Volume 2, Issue 1 , Pages 34-39, March 2009
The Use of Auricular Examination for Screening Hepatic Disorders
Article Outline
- Abstract
- 1.. Introduction
- 2.. Materials and Methods
- 3.. Results
- 4.. Discussion
- 5.. Conclusion
- References
- Copyright
Abstract
Researches on auricular acupuncture (AA) have examined mainly its treatment effects. This study aimed to investigate the accuracy and precision of using auricular examination (AE) as a complementary diagnostic tool for screening hepatic disorders. Twenty patients suffering from liver dysfunction and 25 controls aged 18–60 years were recruited from an acute hospital. Participants were examined using three AE methods including visual inspection, electrical skin resistance measurement, and tenderness testing on the liver AA zone of both ears. Significant differences were found in visual inspection and electrical skin resistance on the AA zones between the two groups. Patients suffering from liver dysfunction tended to have at least one abnormality in skin color, appearance, presence of papules, abundance of capillary and desquamation on the ear (Relative Risk—Right ear: RR = 2.9, 95% confidence interval (CI) 1.4, 6.2; Left: RR = 1.8, 95% CI, 1.01, 3.1). The sensitivity for visual inspection was 0.7 for both ears; specificity was 0.76 for the (R) and 0.6 for the (L) ear. The mean difference in electrical skin resistance was 4.3 MΩ (95% CI, 1.7, 6.9) for the (L) ear; 4.5 MΩ (95% CI, 1.5, 7.6) for the (R) ear. Our results suggest that malfunction of the liver appeared to be reflected by the presence of morphological changes on the liver AA zone. Visual inspection and electrical skin resistance on the liver AA zone are potentially sensitive to screen hepatic disorders.
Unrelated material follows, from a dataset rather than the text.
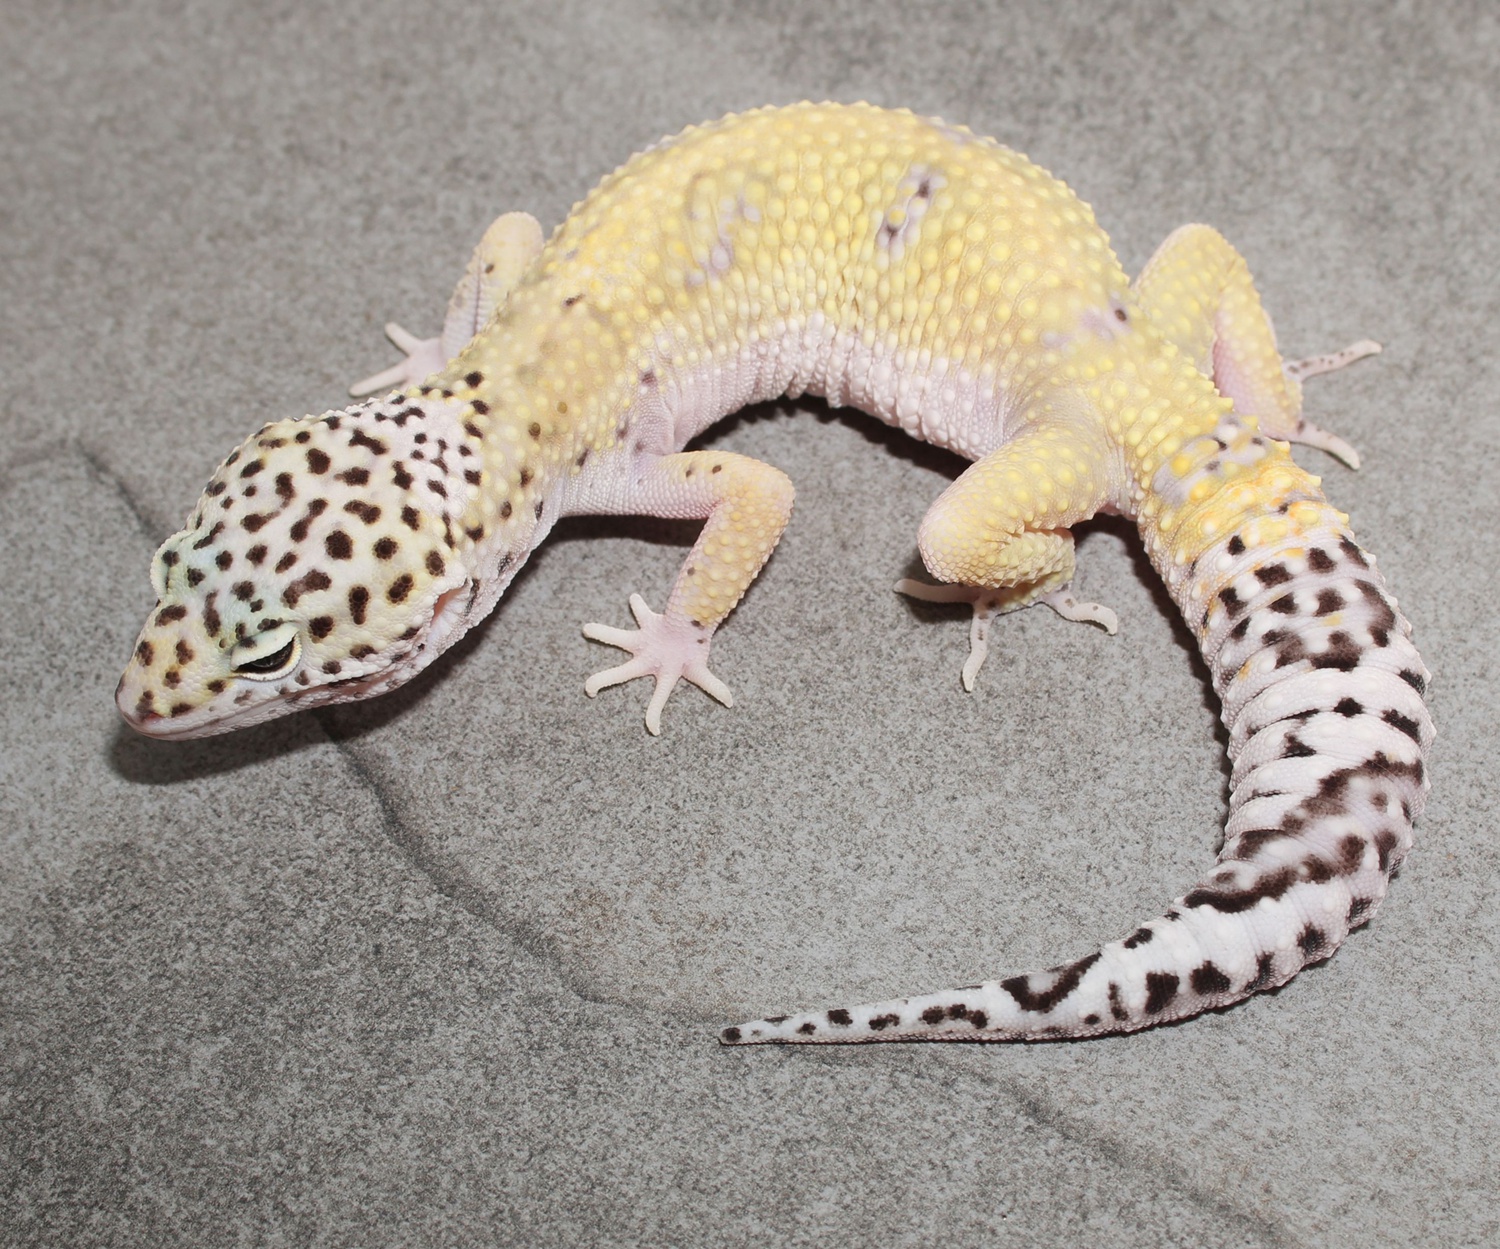 Albey Snow Ghost Het Eclipse Leopard Gecko by Impeccable Gecko
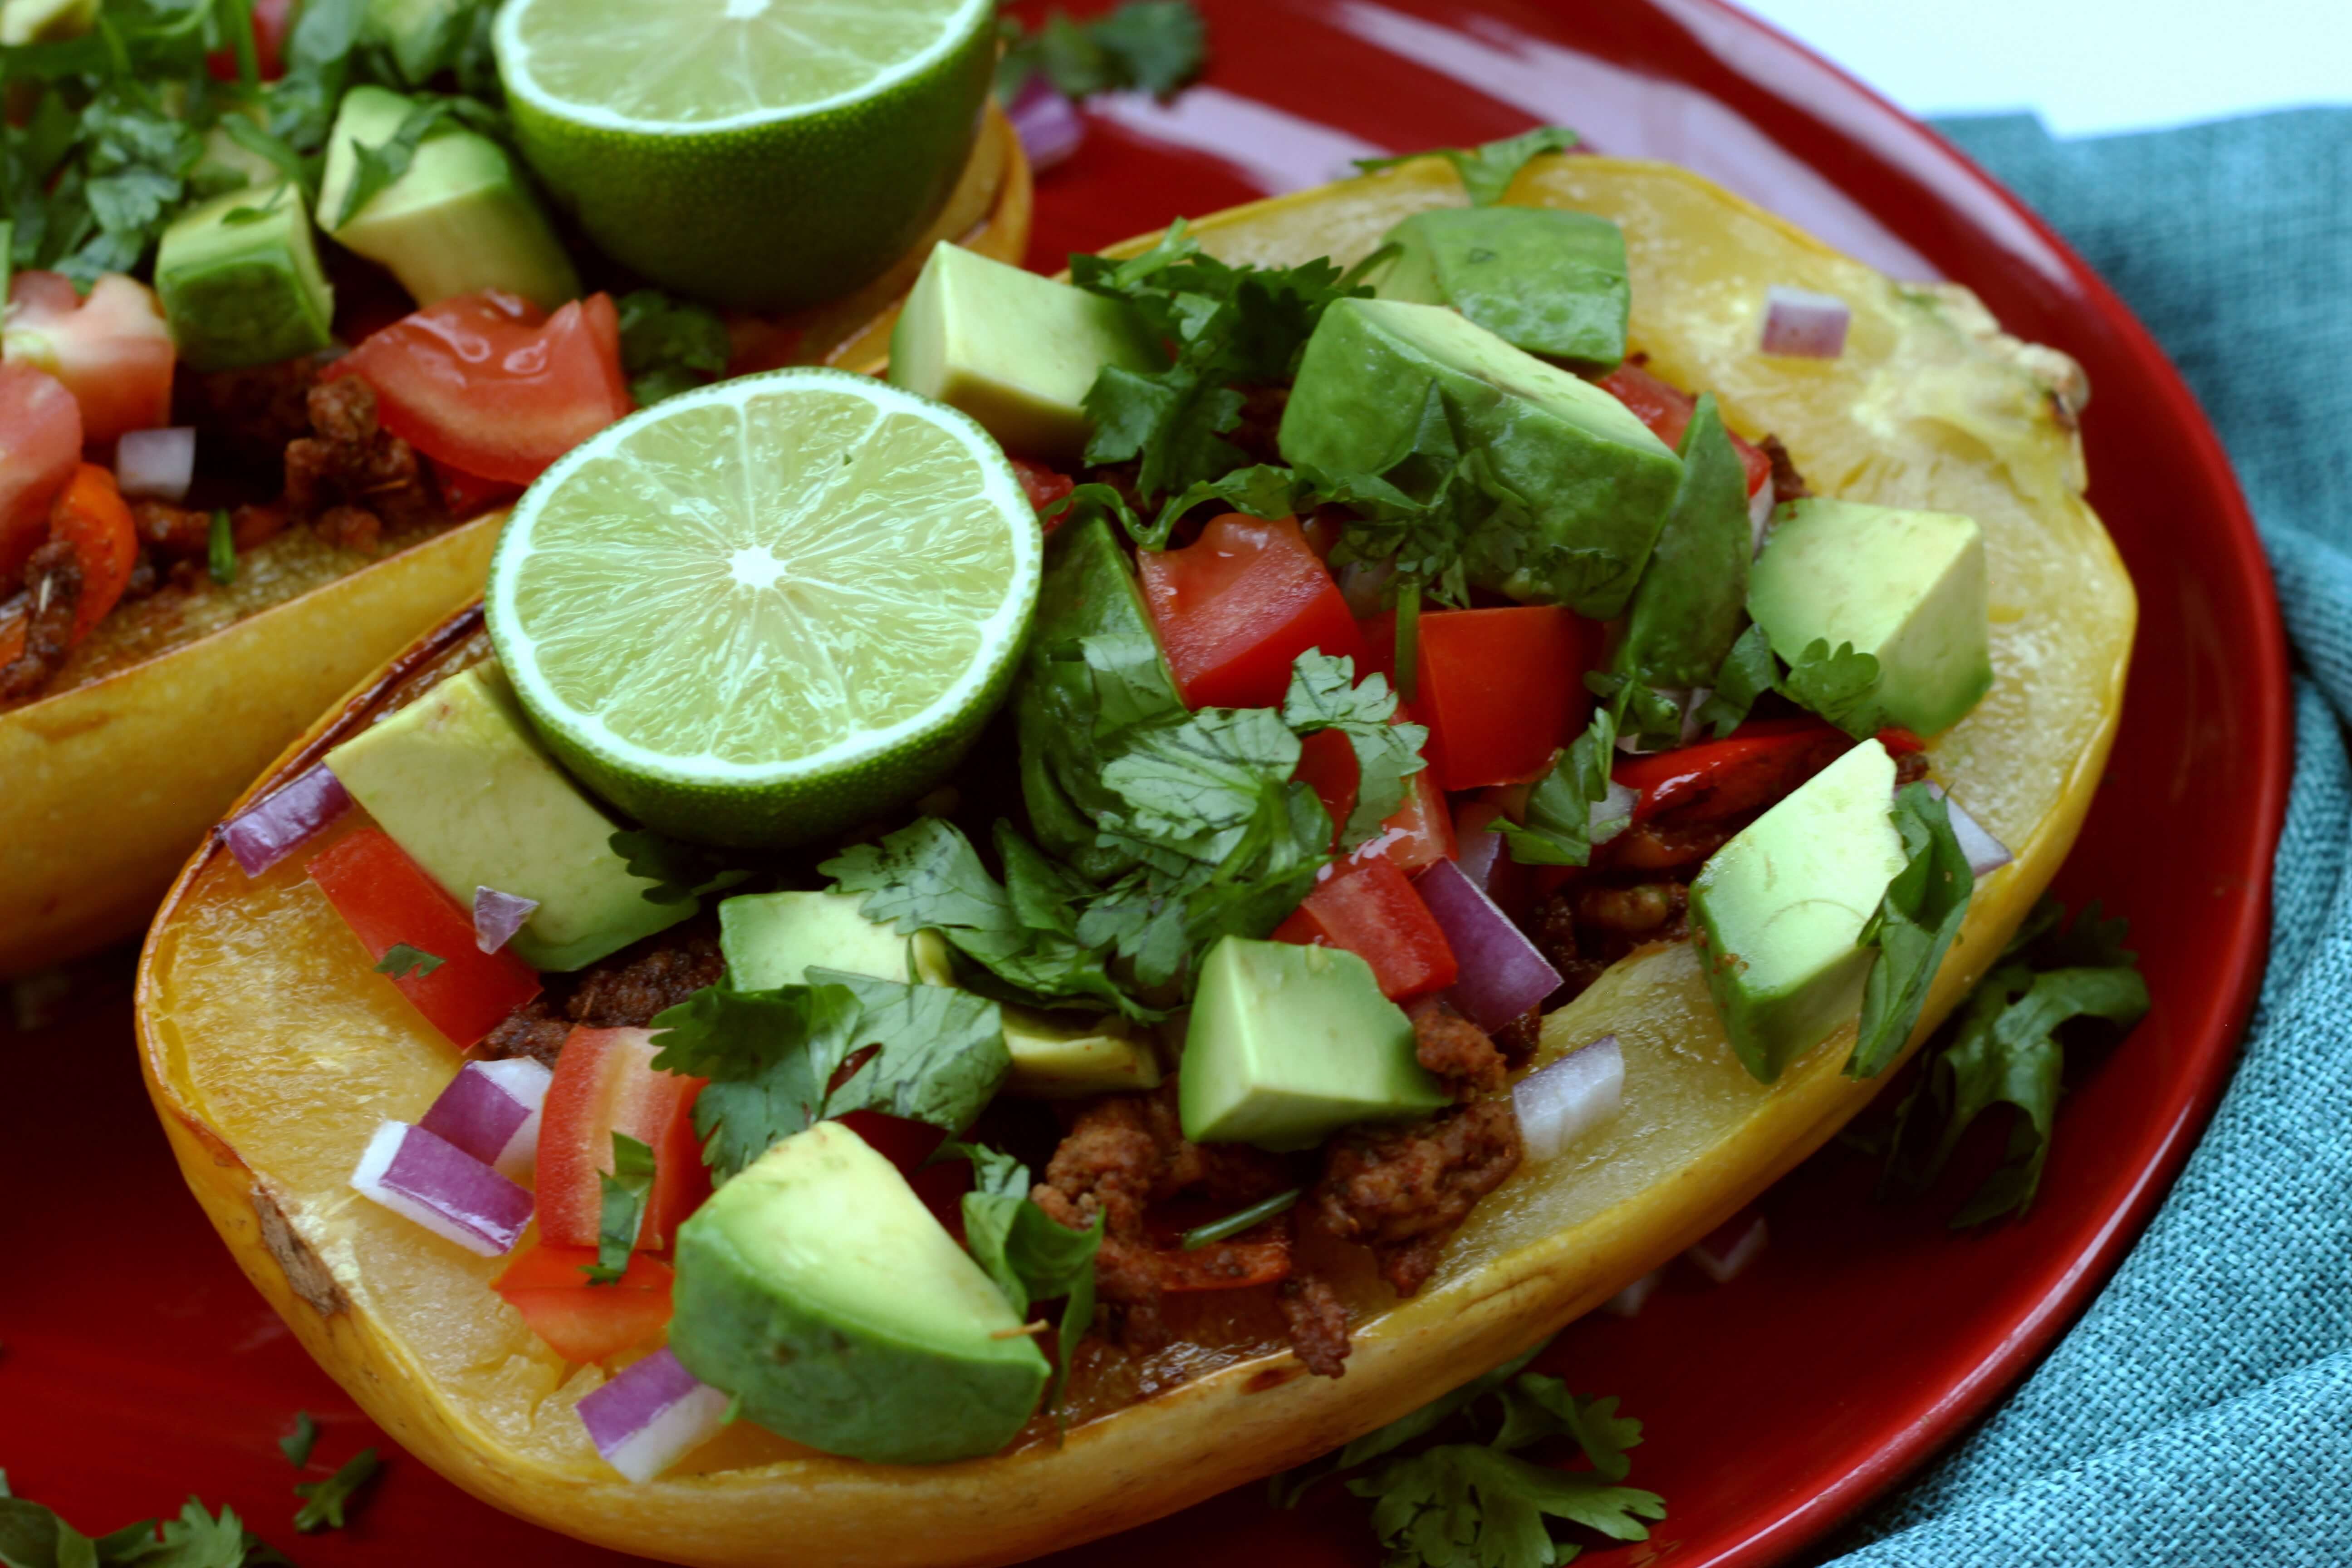 20 Meal Ideas to Help Clients with Eczema: Spaghetti Squash Burrito Bowls

Key Words: auricular acupuncture , complimentary and alternative therapy , diagnostic tool
1. Introduction
Auricular acupuncture (AA) as a microsystem of acupuncture was described implicitly in the Yellow Emperor Classic of Internal Medicine; and more scientifically and formally proposed by Nogier, a French acupuncturist, in the 1950s [1]. The microsystem defines the phenomenon that circumscribed body area reflects different parts of the whole body; so that changes in AA zones may reflect the status of the corresponding body areas [2, 3, 4]. The arrangements of the reflections usually are not in scale to the body part, but in a systematic order [4]. The order may be presented in the form of an inverted fetus with the head towards the ear lobe, the trunk in the middle and the legs towards the upper rim of the auricle. This linkage between the AA zone and the corresponding organ is referred to as the organ projection area, which allows AA to serve as a diagnostic tool. AA pioneers claimed that they were able to identify the physical condition through simple auricular examination (AE) in ancient time [3]. Auricular assessments usually include visual inspection, detection of electricity property, testing of tenderness spots, and staining [5]. Most modern scientific research on auriculotherapy focused on its intervention effects [6, 7]. Some studies explored the use of AA in broader disciplines, e.g., nursing [8], while others investigated the treatment effect of AA for patients with specific conditions, e.g., prostate cancer [9]. Very few well controlled scientific research has been conducted to examine the diagnostic accuracy of AE.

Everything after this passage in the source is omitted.